Receivers eager to see ball thrown their way
BOURBONNAIS ó In some of the NFL's high-octane passing offenses, there's concern that there won't be enough footballs to go around, enough touches to keep everyone happy, enough opportunities to soothe the egos of talented skill-position players.
The Bears have never really had that "problem," but it could be an issue this season for the first time in a while.
Wide receiver Brandon Marshall had 118 receptions for 1,508 yards and 10 touchdowns, and he remains the alpha male in the pass game. Tight end Martellus Bennett caught 55 passes for 626 yards and 5 touchdowns with the Giants, and the Bears are paying him to at least duplicate those numbers.

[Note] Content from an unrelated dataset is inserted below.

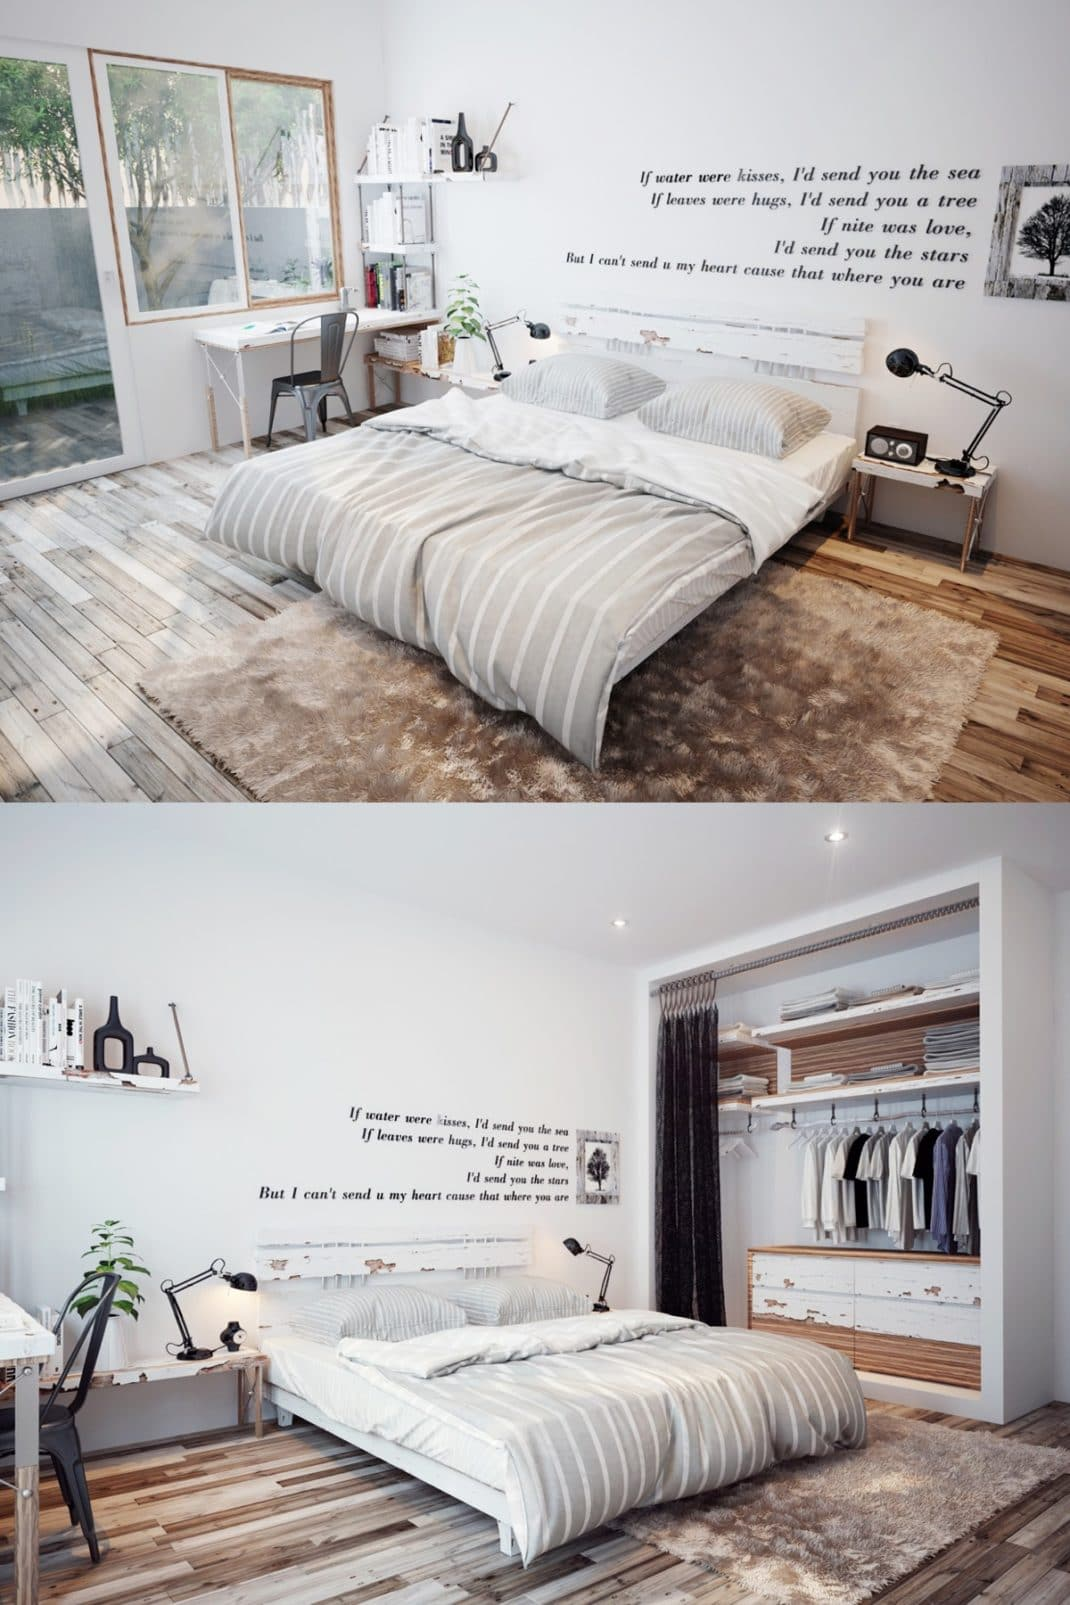 d coration de chambre scandinave id es et inspirations. Black Bedroom Furniture Sets. Home Design Ideas

Running back Matt Forte had "just" 44 receptions last season, but speculation is that in the Marc Trestman-Aaron Kromer offense Forte will be much more of a threat in the passing game. He had more than 50 catches in each of his previous four NFL seasons and could challenge his rookie personal best of 63 grabs.
Alshon Jeffery is expected to sustain the sporadic production he flashed when healthy as a rookie. And Earl Bennett, a long-time favorite of quarterback Jay Cutler, is looking to recapture his 2009 form when he caught 54 passes for 717 yards.

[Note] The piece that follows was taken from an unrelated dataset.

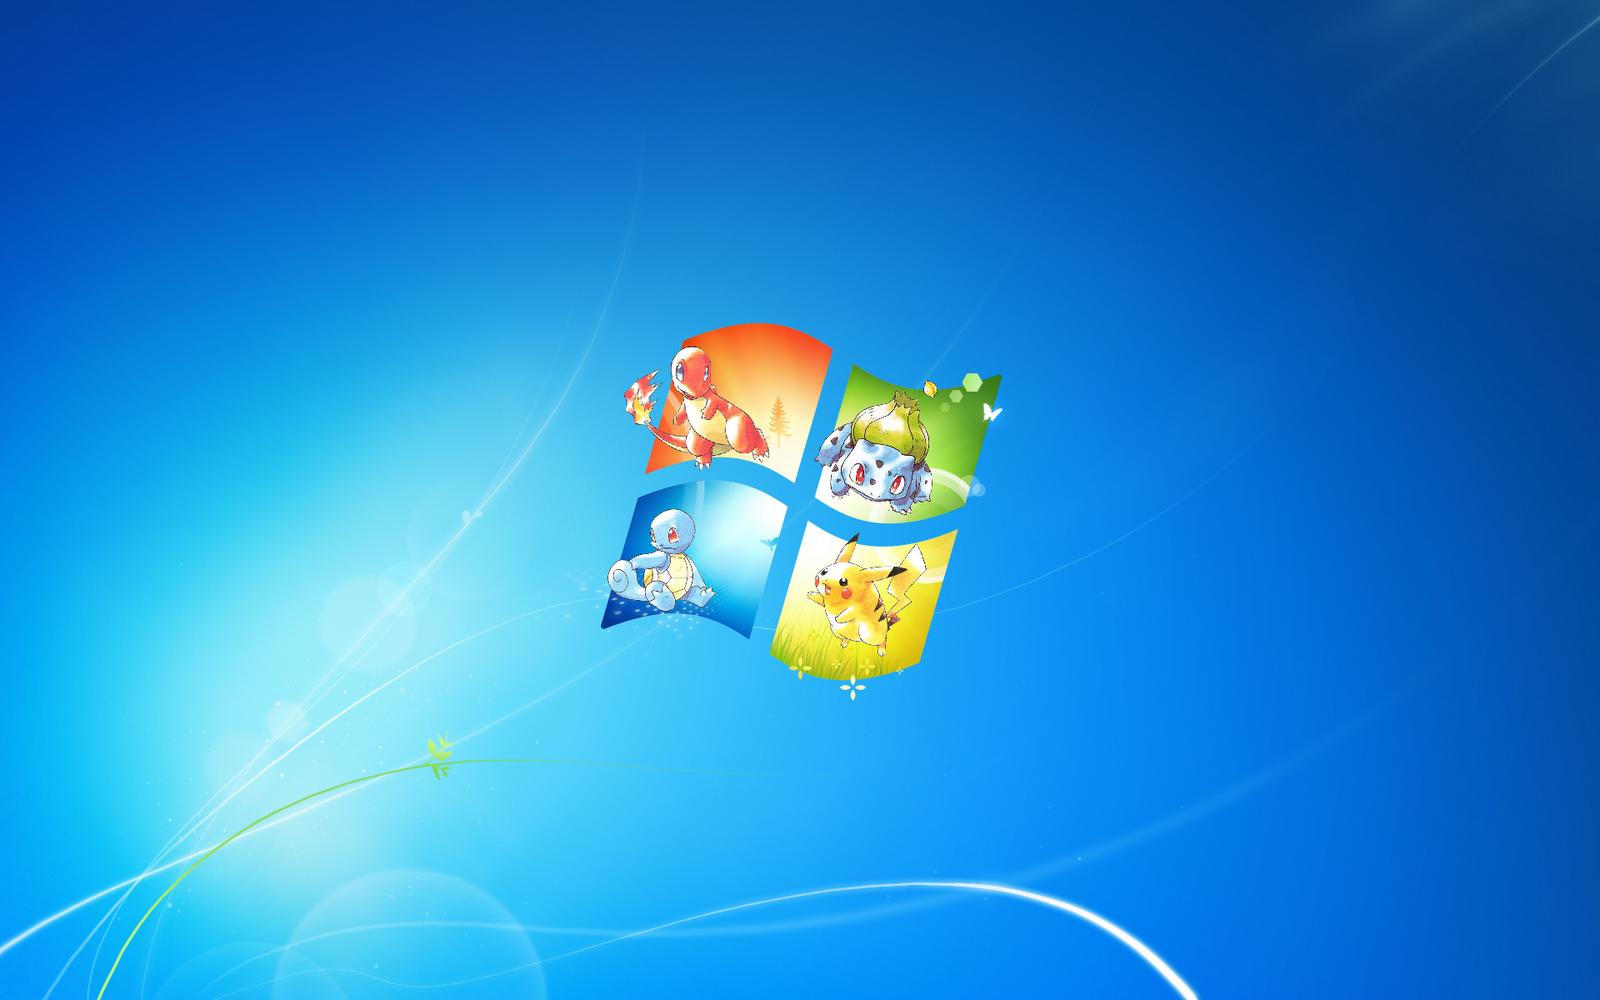 49 Wallpapers For Desktop Pokemon On Wallpapersafari

At least one of them is bound to be disappointed this season, even though Marshall knows the offense will be more productive if he doesn't have to carry such an uneven share of the load this season.
For now, it's a friendly competition.
"It's pretty fun," Martellus Bennett said. "Anytime (Earl) Bennett makes a play, me and Alshon look at each other like, 'We can't let him one-up us.' So everyone's out there fighting to get (the ball). We all want to be open, we all want to get the ball.
"We're happy when another guy makes a play, but we also feel challenged. So, if Brandon makes a great play, I have to make one. It's my turn. 'Come on coach, call something for me, I want to make a play. And Alshon's the same way. So you got three big guys out there that are not only competing against the defense, we try to out-do each other."
While Marshall has little left to prove individually, he knows that the Bears' group of receivers is held in low esteem, but he says it has the potential to change that perception.
"We don't get a lot of credit (in the media)," Marshall said. "They actually say we're one of the weakest units on the team. But look around at the players that we have on this field. You see Alshon Jeffery making huge plays, going up in the back of the end zone, (on the) sideline, (making) toe-tap catches. Martellus Bennett, Earl Bennett, we're doing it all. We're excited and ready to come together as a unit."